Single-value RCR¶
When you have a 1-D dataset and want to recover the underlying central value (mu) and width (sigma) in the presence of outliers, single-value RCR is what you want.
The four rejection techniques¶
import rcrpy
# Pick one based on your data:
rcrpy.RejectionTech.LS_MODE_68 # Symmetric uncontaminated, one-sided contaminants
rcrpy.RejectionTech.LS_MODE_DL # Mixed one-sided + two-sided contaminants
rcrpy.RejectionTech.SS_MEDIAN_DL # Symmetric uncontaminated, two-sided contaminants
rcrpy.RejectionTech.ES_MODE_DL # Mildly asymmetric / very small N
See section 3 of Maples et al. 2018 for a decision tree.
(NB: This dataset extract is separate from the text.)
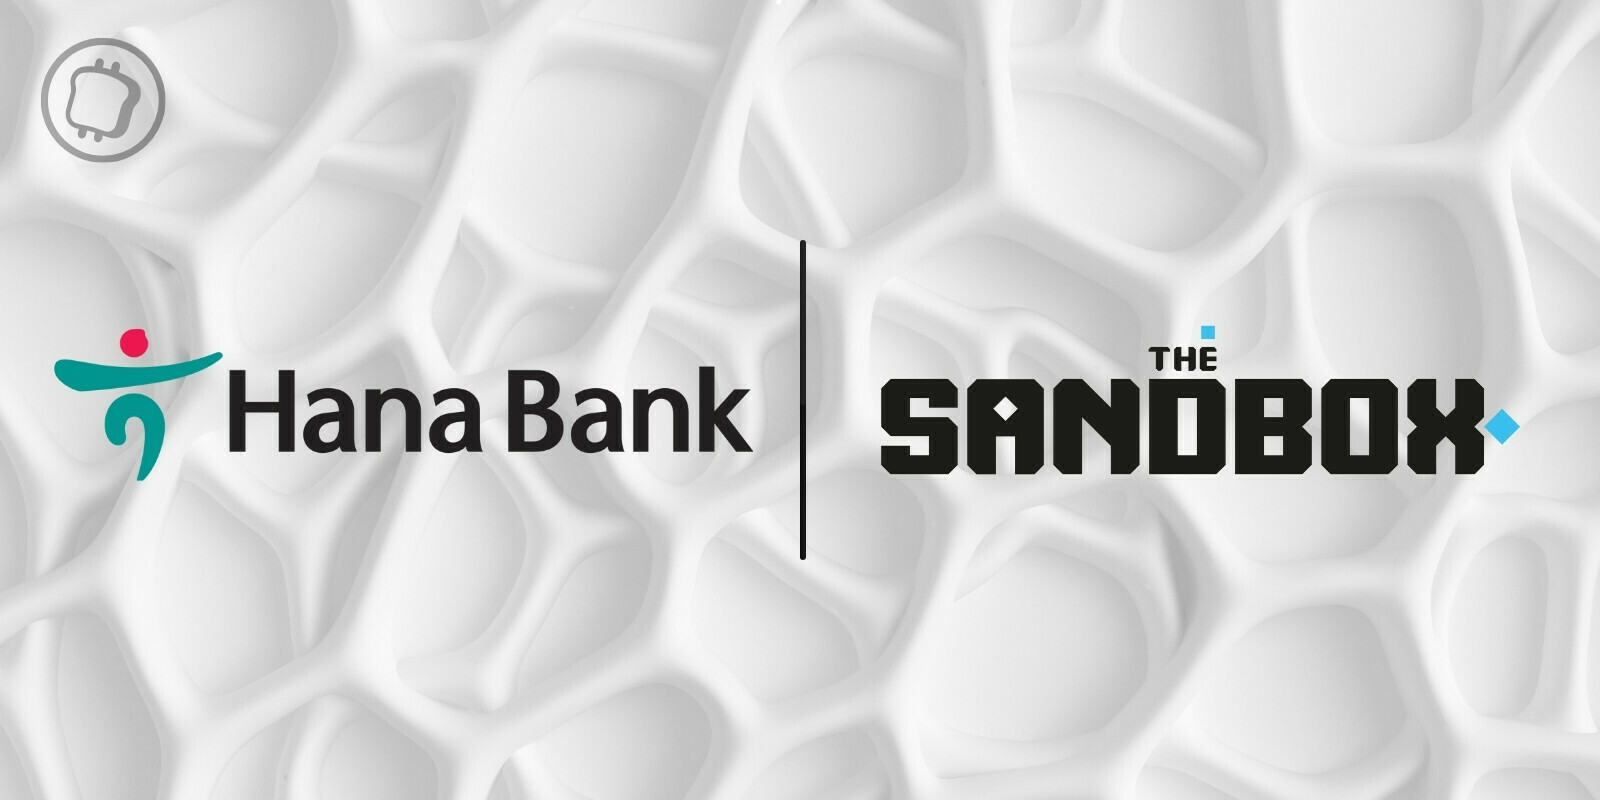 La banque sud-coréenne KEB Hana Bank débarque dans The Sandbox (SAND)

Unweighted, iterative rejection¶
import numpy as np
import rcrpy
# Some data: clean Gaussian + heavy one-sided contamination
rng = np.random.default_rng(42)
y = np.concatenate([
rng.normal(0, 1, size=150),
np.abs(rng.normal(0, 10, size=850)),
])
r = rcrpy.RCR(rcrpy.RejectionTech.LS_MODE_68)
r.perform_rejection(y.tolist())
print(f"mu = {r.result.mu:.3f}")
print(f"sigma = {r.result.sigma:.3f}")
print(f"stDev = {r.result.st_dev:.3f}")
print(f"kept = {int(r.result.flags.sum())} / {len(y)}")
Bulk rejection (faster on large N)¶
The bulk variant rejects many points in each pass instead of one at a time — substantially faster, with the same final result for well-behaved data:
r = rcrpy.RCR(rcrpy.RejectionTech.LS_MODE_68)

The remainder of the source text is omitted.